In this work, we propose a trajectory generation method for robotic systems with contact kinematics and force constraints based on optimal control and reachability analysis tools. Normally, the dynamics and constraints of a contact-constrained robot are nonlinear and coupled to each other. Instead of linearizing the model and constraints, we solve the optimal control problem directly to obtain feasible state trajectories and their corresponding control inputs. A tractable optimal control problem is formulated and subsequently addressed by dual approaches, which rely on sampling-based dynamic programming and rigorous reachability analysis tools. In particular, a sampling-based method together with a Partially Observable Markov Decision Process solution approach are used to break down the end-to-end trajectory generation problem by generating a sequence of subregions that the system’s trajectory will have to pass through to reach its final destination. The distinctive characteristic of the proposed trajectory optimization algorithm is its ability to handle the intricate contact constraints, coupled with the system dynamics, in a computationally efficient way. We validate our method using extensive numerical simulations with two legged robots.

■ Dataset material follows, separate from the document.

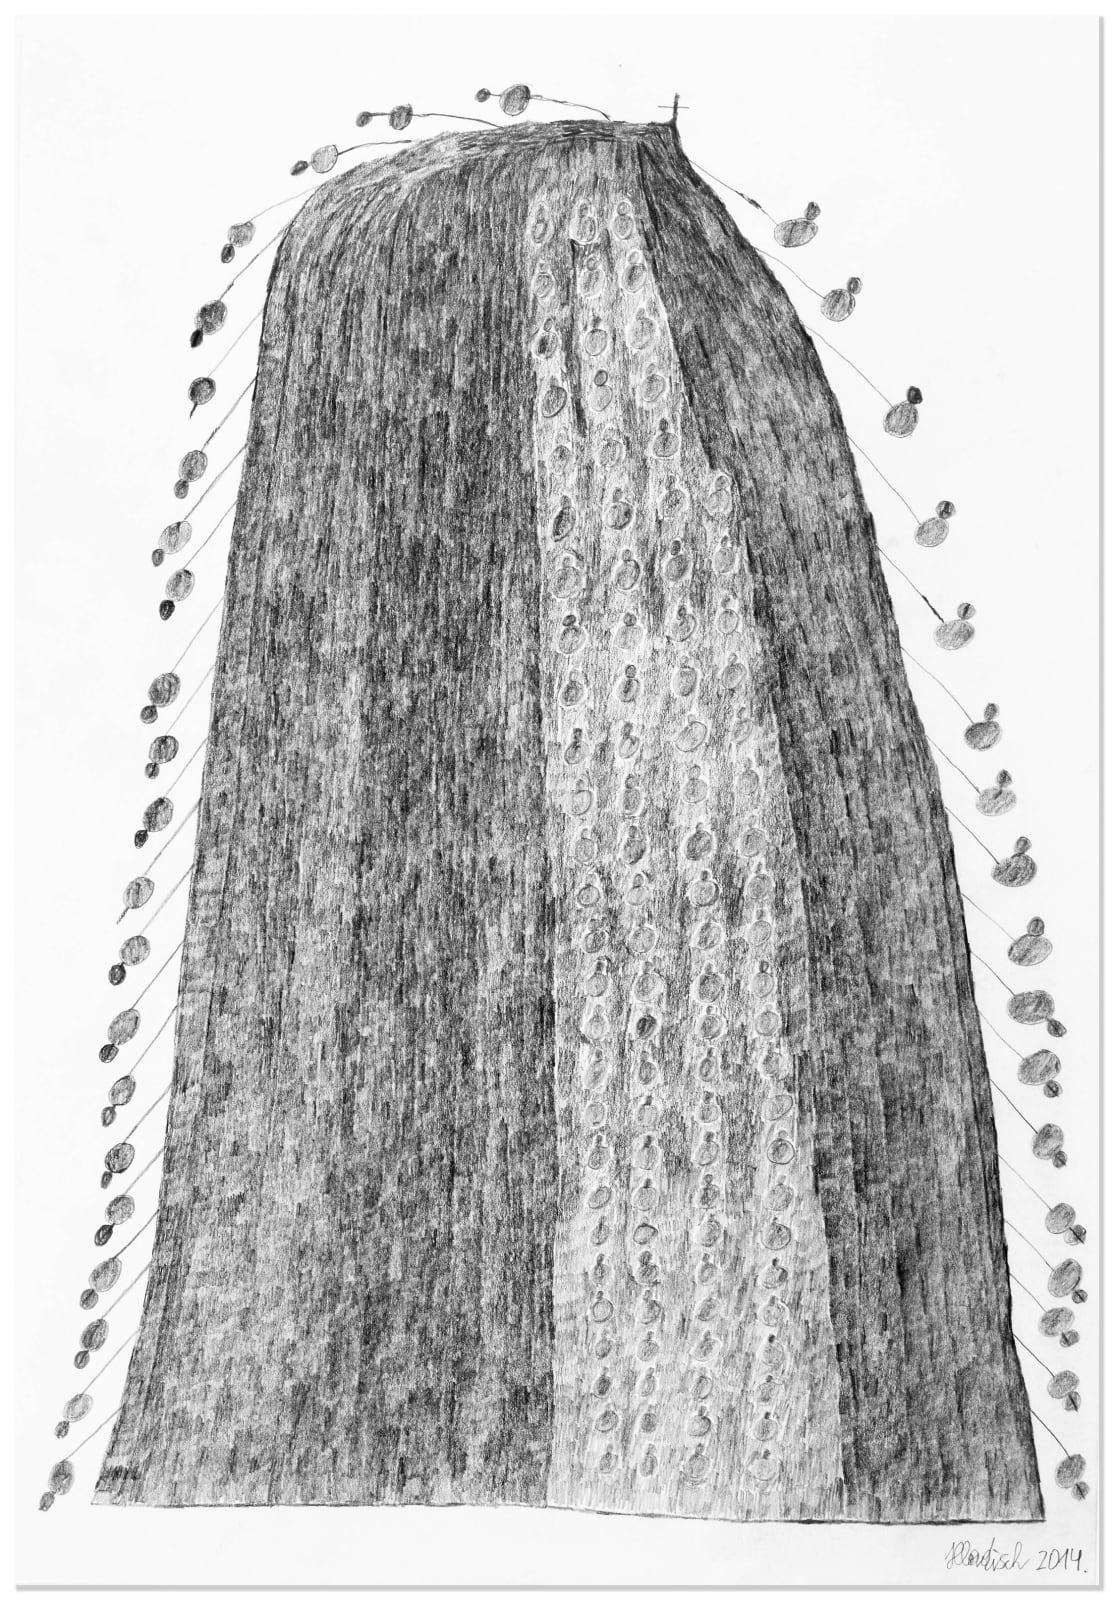 LEMON TREE, 2014 Graphite on paper 18.8 x 13 in. (47.8 x 33 cm) HH 9 $3,600

在这项工作中，我们提出了一种基于最优控制和可达性分析工具的具有接触运动学和力约束的机器人系统轨迹生成方法。通常，接触受限机器人的动力学和约束是非线性的，并且相互耦合。我们无需线性化模型和约束，而是直接解决最优控制问题，以获得可行的状态轨迹及其相应的控制输入。提出了一个易于处理的最优控制问题，并随后通过双重方法解决，该方法依赖于基于采样的动态规划和严格的可达性分析工具。特别是，基于采样的方法与部分可观察的马尔可夫决策过程解决方案方法一起使用，通过生成系统轨迹必须到达其最终目的地的一系列子区域来解决端到端轨迹生成问题。所提出的轨迹优化算法的显着特征是其以计算有效的方式处理复杂的接触约束以及系统动力学的能力。我们使用带有两个腿的机器人的大量数值模拟来验证我们的方法。以高效的计算方式与系统动力学相结合。我们使用带有两个腿的机器人的大量数值模拟来验证我们的方法。以高效的计算方式与系统动力学相结合。我们使用带有两个腿的机器人的大量数值模拟来验证我们的方法。